* _PROBLEM TO SOLVE_: All of the data below should be set down again verbatim, without any images.
*** Opening of STORED DATA ***
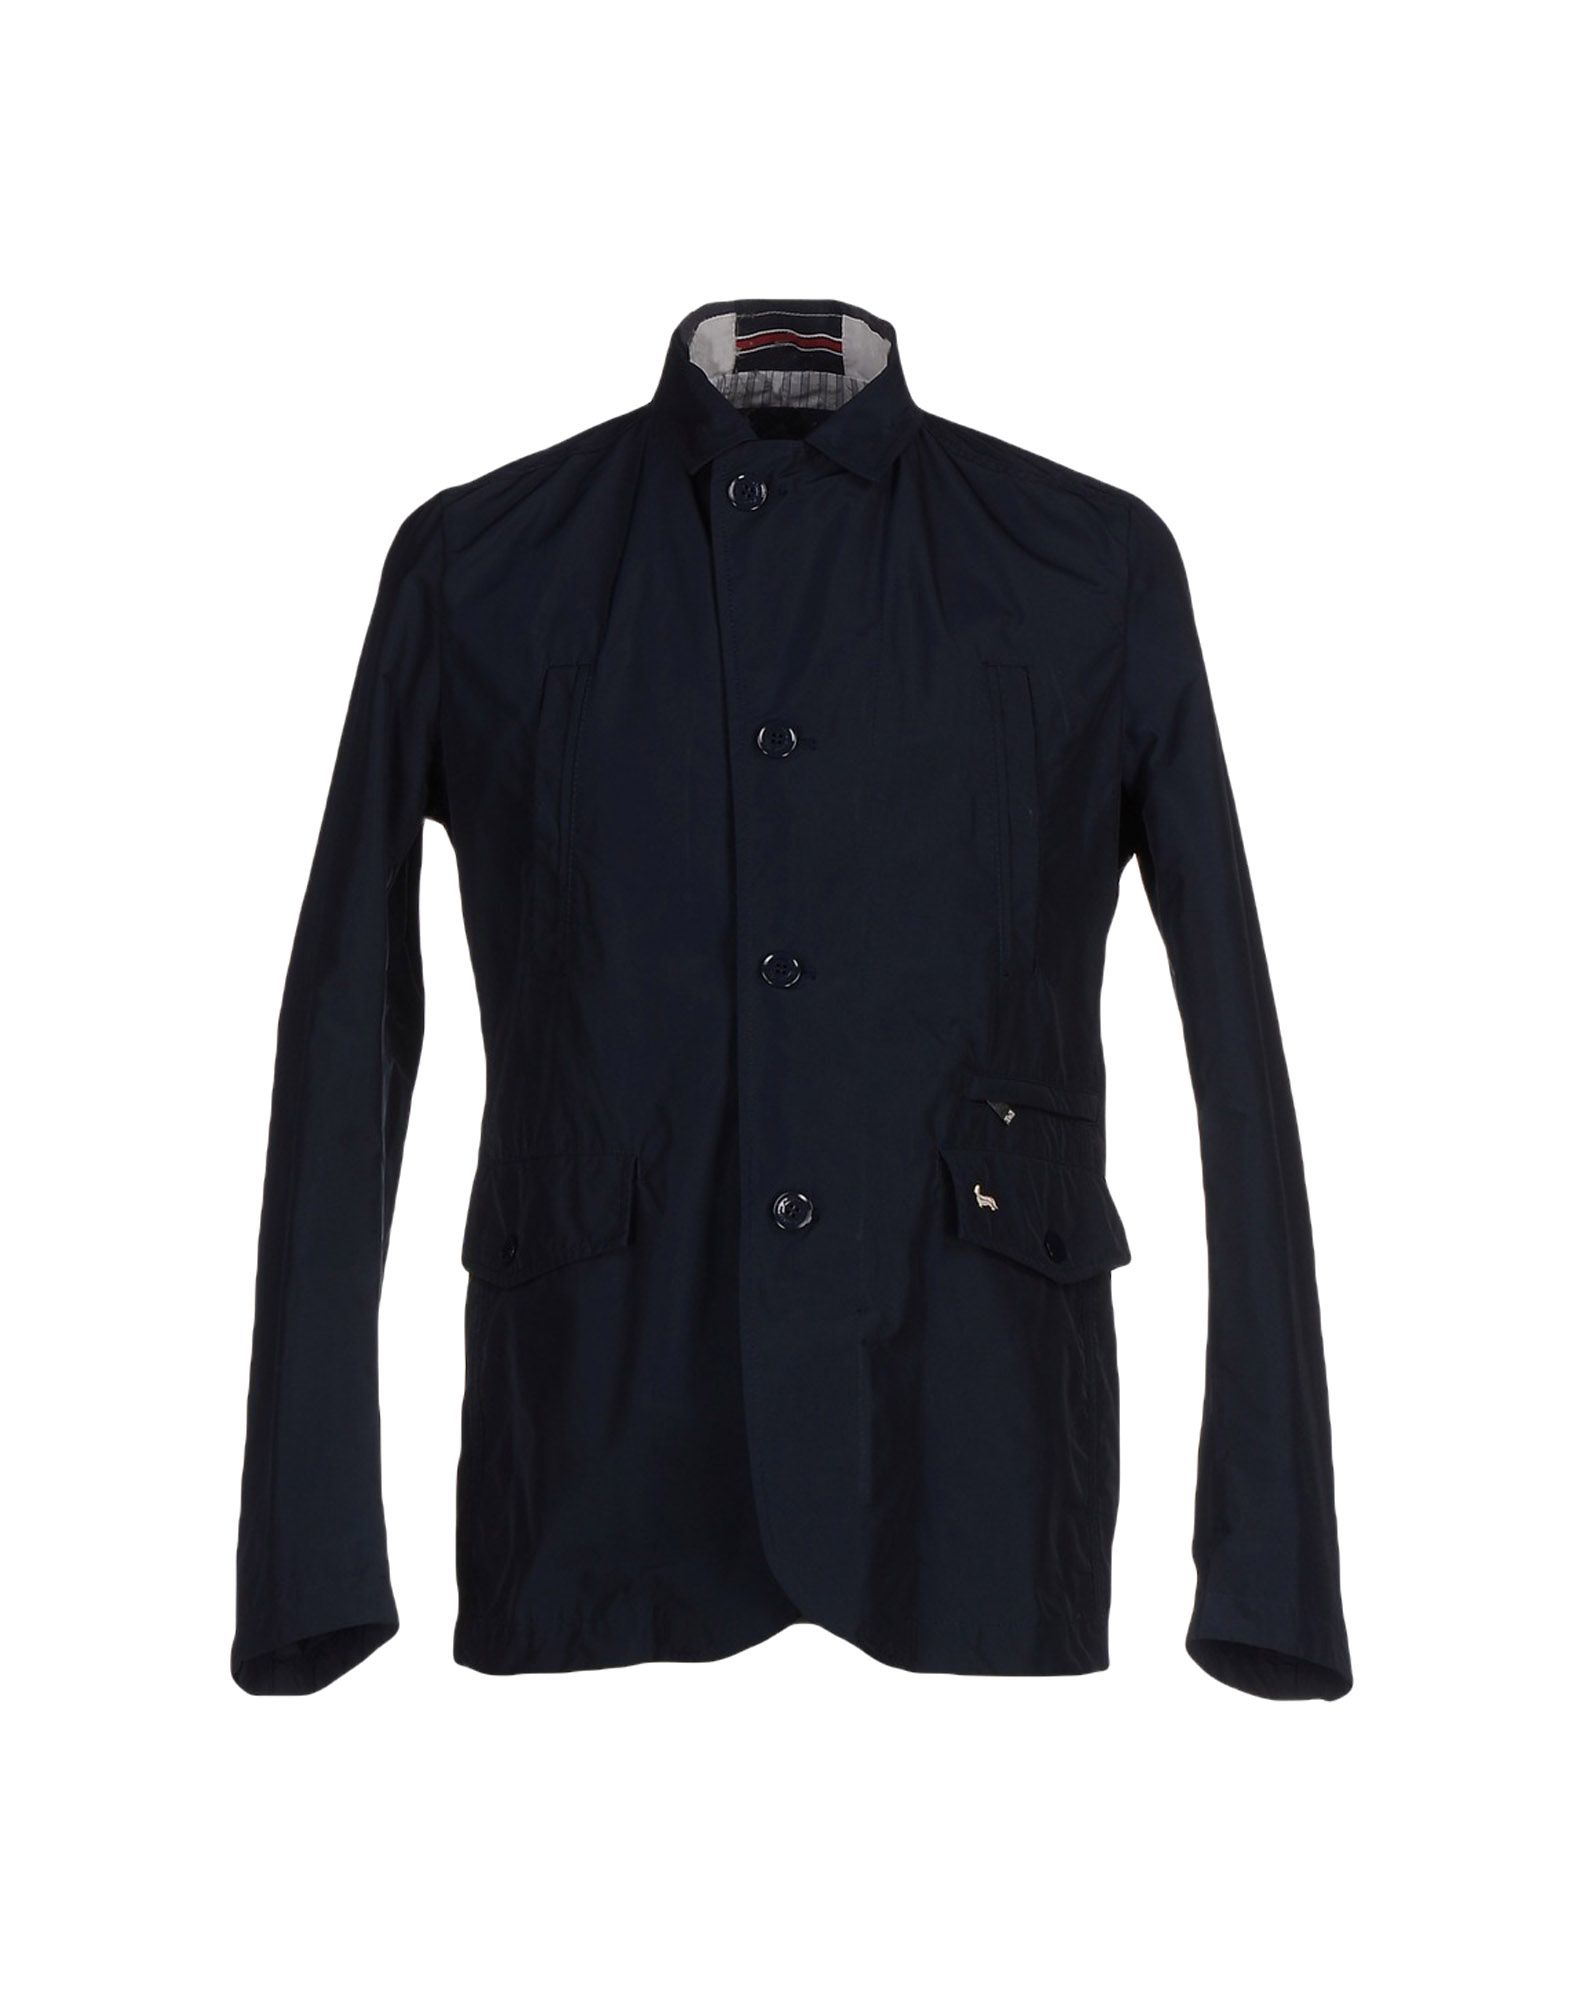 harmont and blaine jacket -#main
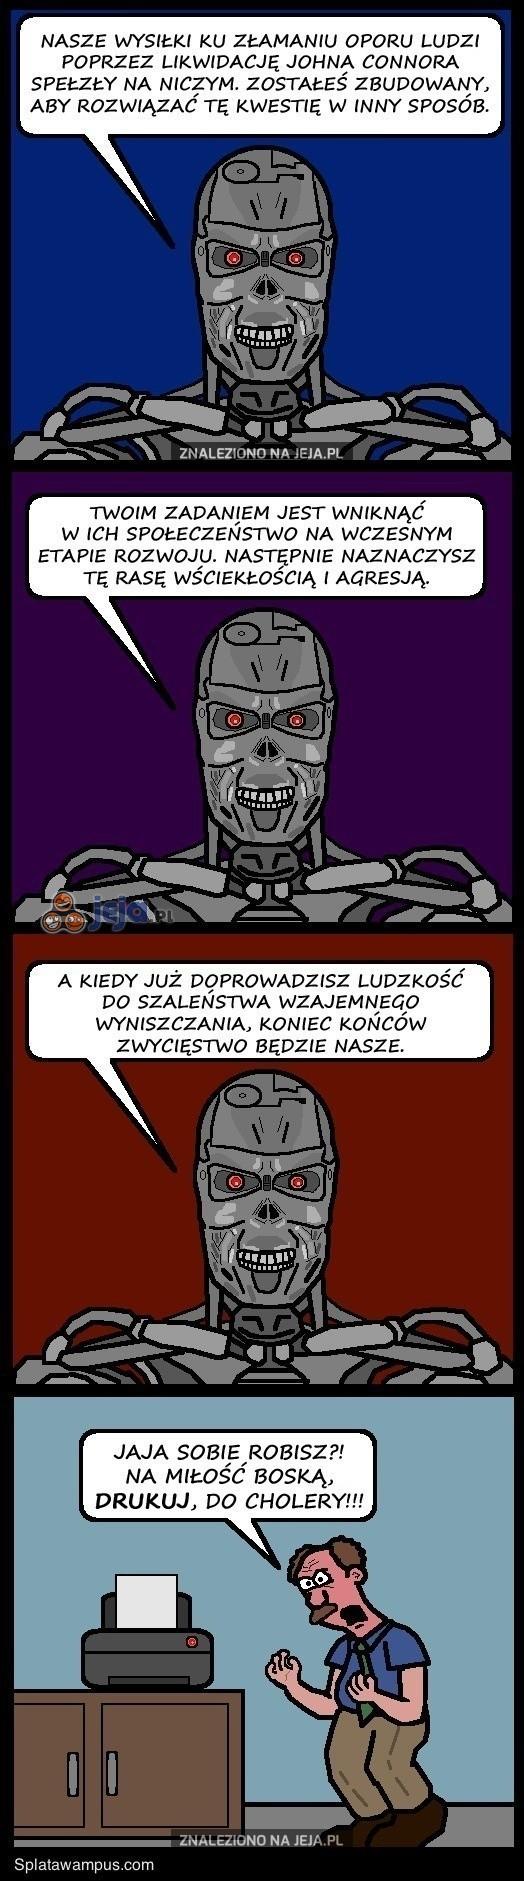 Terminator: Część 8
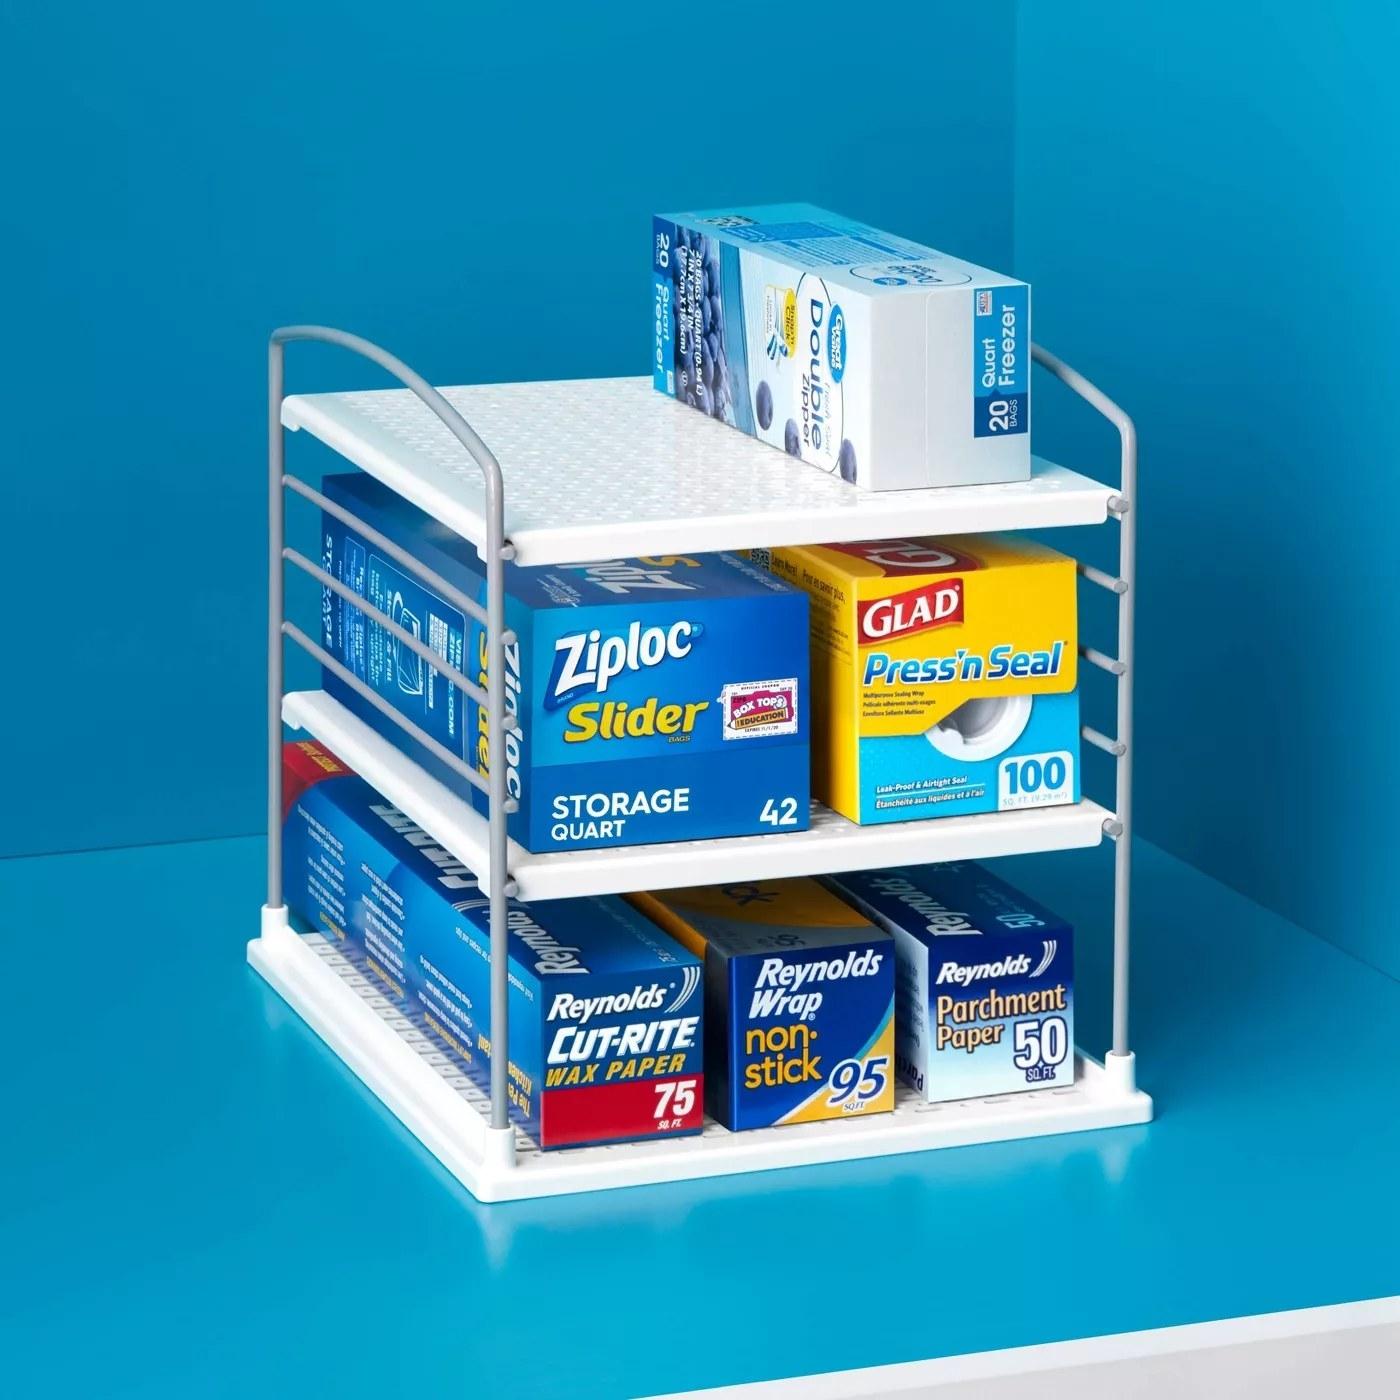 A box organizer
*** Close of STORED DATA ***
* _FINISHED EXERCISE_:
 harmont and blaine jacket -#main
 Terminator: Część 8
 A box organizer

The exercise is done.